简体   繁体   English

Python imaplib .search电子邮件主题中文出现错误

[英]Python imaplib .search email subject Chinese got error

I want to use imaplib to search particular emails, which subjects contain Chinese. 我想使用imaplib搜索包含中文的特定电子邮件。 I got the error like this: 我得到这样的错误:

UnicodeEncodeError: 'ascii' codec can't encode characters in position 0-1: ordinal not in range(128)

so i use .encode to encode to 'UTF-8', and I got nothing. 所以我用.encode编码为'UTF-8',却一无所获。 The print print out is 打印输出是

0
[]

The right answer should be 71, which I search on my inbox through my mail. 正确答案应该是71,我可以通过邮件在收件箱中进行搜索。 This is my code: 这是我的代码:

import imaplib,email
host = 'imap.263.net'
user = '***@***'
psw = '*****'
count = 0
con = imaplib.IMAP4(host,143)
con.login(user,psw)
con.select('INBOX',readonly =True)
eva = '日报'
# eva = eva.encode('utf-8') 
resp,liujf = con.search('UTF-8','SUBJECT','%s'%eva, 'Since','01-Feb-2018')
items = liujf[0].split()
print(len(items))
print(items)

I guess it should be unicode problem. 我猜应该是unicode问题。 How can I fix it? 我该如何解决?
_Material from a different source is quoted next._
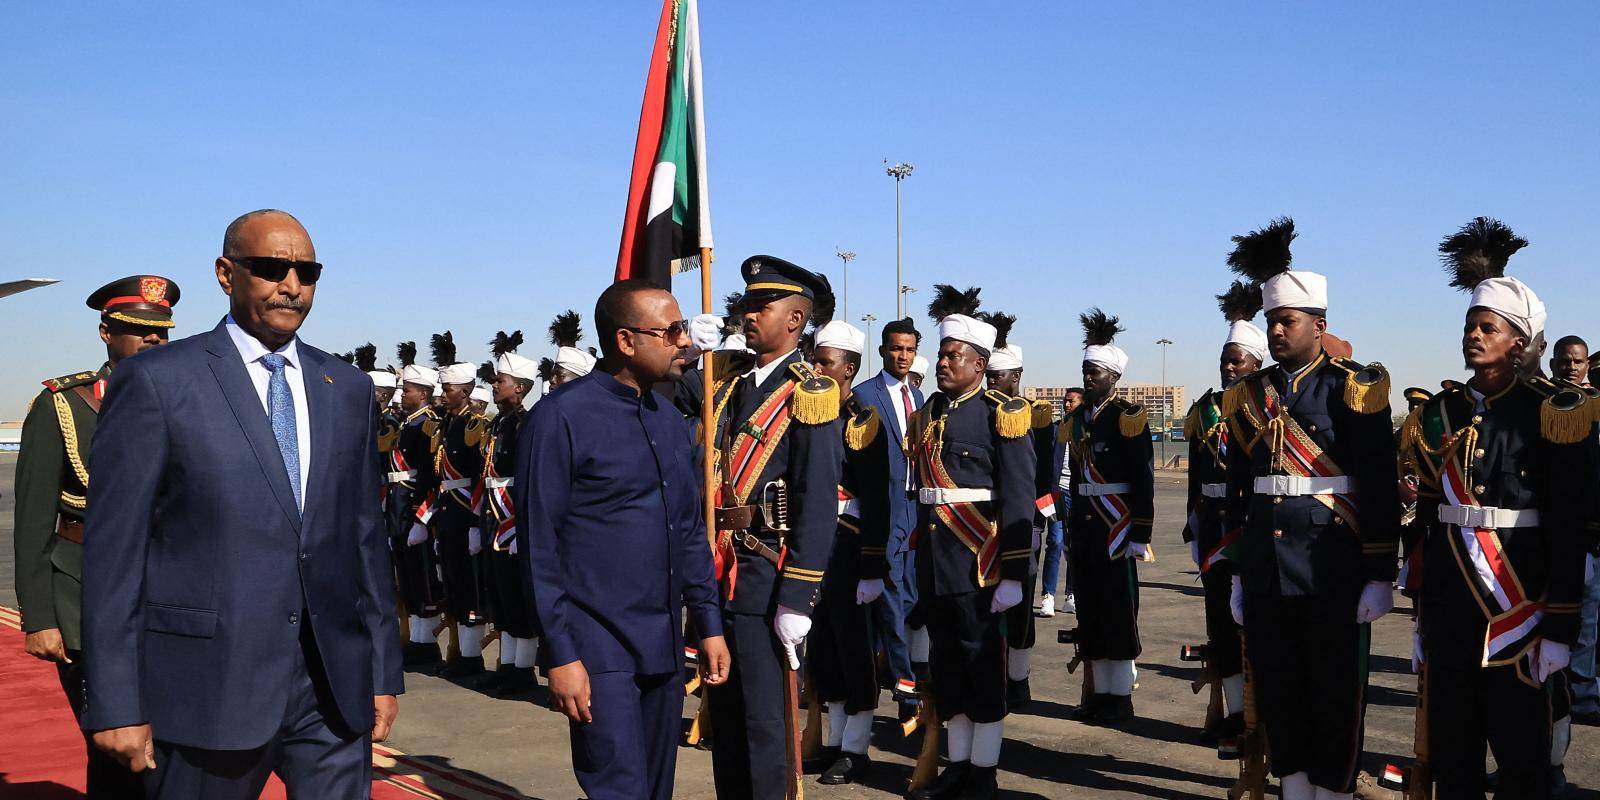 Ethiopian prime minister Abiy Ahmed and Sudanese army chief Abdel Fattah al-Burhan inspect Sudanese military personnel in full dress uniform

You are passing in a raw Unicode string where you should be passing in the string as a sequence of UTF-8 bytes. 您传入的是原始Unicode字符串,应该以UTF-8字节序列的形式传入该字符串。 You've even labelled it as UTF-8! 您甚至已将其标记为UTF-8! This suggests you might want to read up on the difference. 这表明您可能想了解它们之间的区别。

Change 更改

'%s'%eva

to

eva.encode('utf-8')

For more background, maybe read https://www.unicode.org/faq/utf_bom.html#UTF8 and/or https://nedbatchelder.com/text/unipain.html 有关更多背景信息,请阅读https://www.unicode.org/faq/utf_bom.html#UTF8和/或https://nedbatchelder.com/text/unipain.html

The construct '%s'%string is just an ugly and unidiomatic way to say string but here it's actually an error: '%s'%string.encode('utf-8') produces a byte string but then interpolates it into a Unicode string which produces completely the wrong result. 构造'%s'%string只是说string一种丑陋且惯用的方式,但是这里实际上是一个错误: '%s'%string.encode('utf-8')生成一个字节字符串,然后将其插入到一个Unicode字符串会产生完全错误的结果。 Observe: 注意:

>>> eva = '日报'
>>> eva.encode('utf-8')              # correct
b'\xe6\x97\xa5\xe6\x8a\xa5'
>>> '%s'%eva.encode('utf-8')         # incorrect
"b'\\xe6\\x97\\xa5\\xe6\\x8a\\xa5'"
>>> b'%s'%eva.encode('utf-8')        # correct but terribly fugly
b'\xe6\x97\xa5\xe6\x8a\xa5'

Notice how '%s'%eva.encode('utf-8') takes the encoded byte string and converts it back into a Unicode representation. 注意'%s'%eva.encode('utf-8')获取编码的字节字符串并将其转换 Unicode表示形式。 The commented-out line shows that you tried eva = eva.encode('utf-8') but then apparently ended up with the wrong result because of the unnecessary % interpolation into a Unicode string. 注释掉的行显示您尝试了eva = eva.encode('utf-8')但由于不必要的%内插到Unicode字符串中,因此显然以错误的结果结束。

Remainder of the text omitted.